[LU-10729] replay-dual test_23d: FAIL: Remote creation failed 1 : mkdir: cannot create directory': File exists Created: 27/Feb/18 Updated: 29/Nov/23 Resolved: 11/Apr/23 |
|
| Status: | Resolved |
| Project: | Lustre |
| Component/s: | None |
| Affects Version/s: | Lustre 2.11.0, Lustre 2.10.4, Lustre 2.10.5, Lustre 2.10.7, Lustre 2.12.1, Lustre 2.14.0, Lustre 2.12.6 |
| Fix Version/s: | Lustre 2.16.0 |
| Type: | Bug | Priority: | Critical |
| Reporter: | Elena Gryaznova | Assignee: | Alex Zhuravlev |
| Resolution: | Fixed | Votes: | 0 |
| Labels: | None | ||
| Attachments: |
|
||||||||||||
| Issue Links: |
|
||||||||||||
| Severity: | 3 | ||||||||||||
| Rank (Obsolete): | 9223372036854775807 | ||||||||||||
| Description |
|
test fails on failover config: hosts != failoverhosts == replay-dual test 23d: c1 rmdir d1, M0 drop update reply and fail M0/M1, c2 mkdir d1 =============== 19:53:39 (1519674819)
fail_loc=0x1701
fail_loc=0
Failing mds1 on fre909
Stopping /mnt/lustre-mds1 (opts:) on fre909
pdsh@fre913: fre909: ssh exited with exit code 1
Failing mds2 on fre910
Stopping /mnt/lustre-mds2 (opts:) on fre910
pdsh@fre913: fre910: ssh exited with exit code 1
reboot facets: mds1
Failover mds1 to fre910
...
fre915: mdc.lustre-MDT0001-mdc-*.mds_server_uuid in FULL state after 0 sec
UUID 1K-blocks Used Available Use% Mounted on
lustre-MDT0000_UUID 1168028 6688 1062924 1% /mnt/lustre[MDT:0]

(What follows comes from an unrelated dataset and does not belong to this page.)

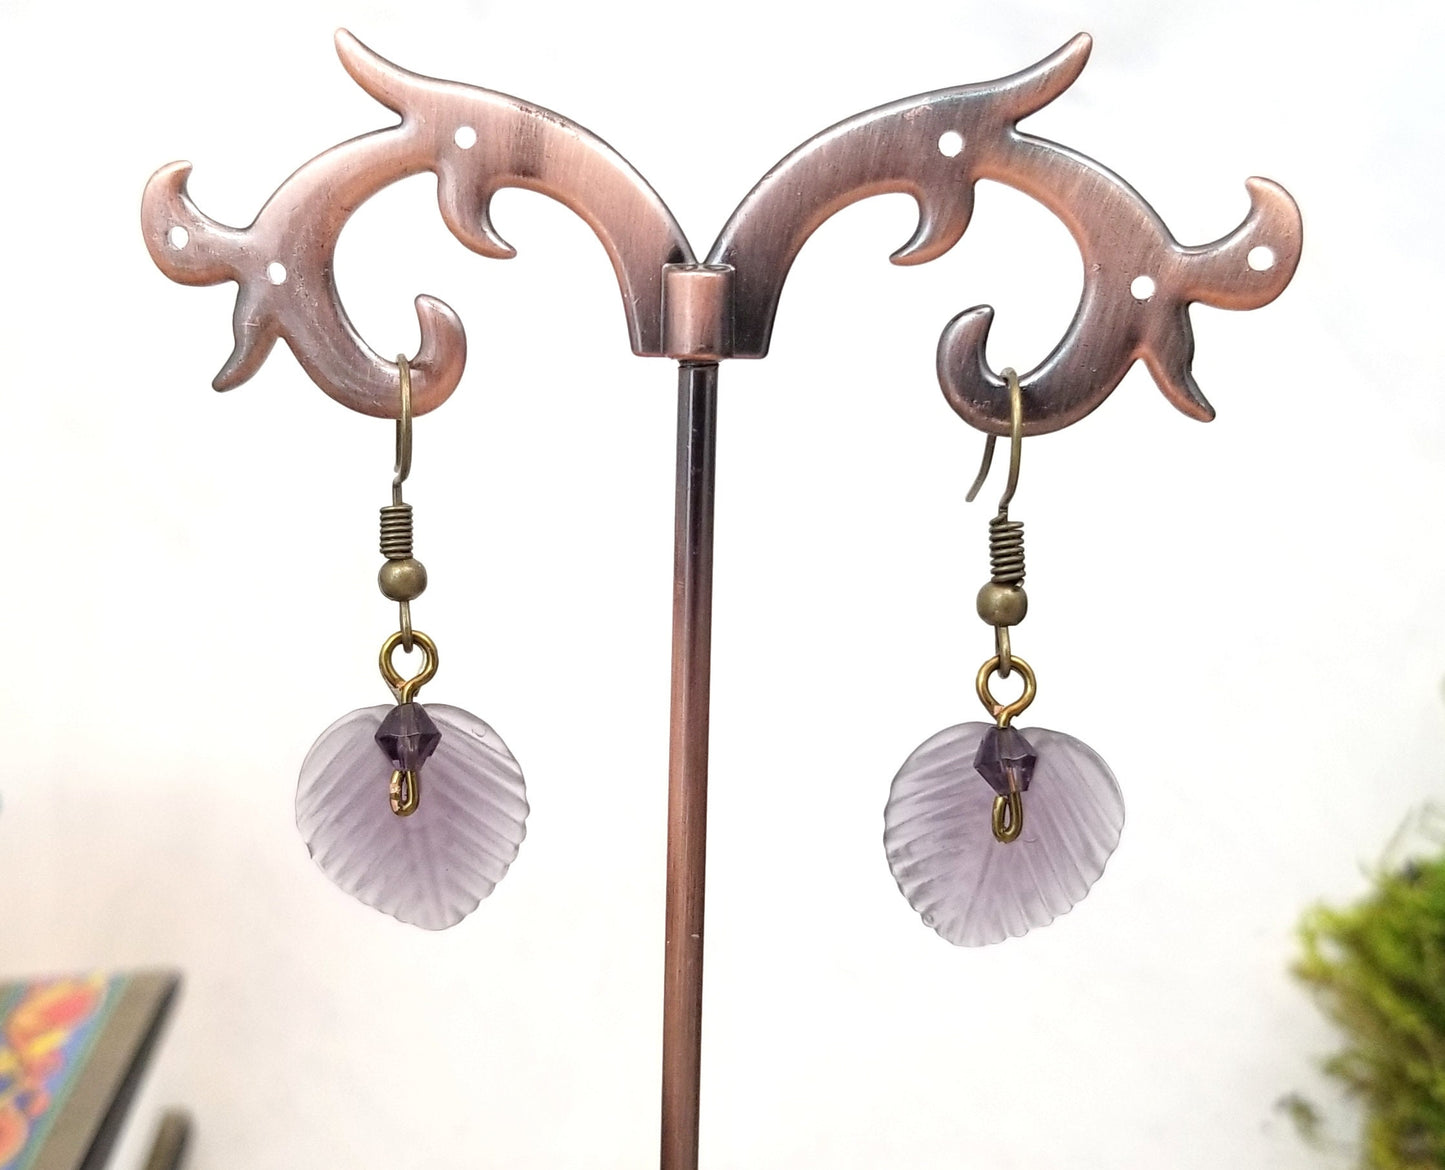 Medium Glass Leaf Earrings in Frosted Purple, Wedding, Bridesmaid, Art Nouveau, Renaissance, Belle Epoque, Forest, Choice of Closure Types

lustre-MDT0001_UUID 1168028 6272 1063340 1% /mnt/lustre[MDT:1]
lustre-OST0000_UUID 4607356 34096 4306876 1% /mnt/lustre[OST:0]
lustre-OST0001_UUID 4607356 34096 4306876 1% /mnt/lustre[OST:1]
lustre-OST0002_UUID 4607356 34100 4306872 1% /mnt/lustre[OST:2]
lustre-OST0003_UUID 4607356 34100 4306872 1% /mnt/lustre[OST:3]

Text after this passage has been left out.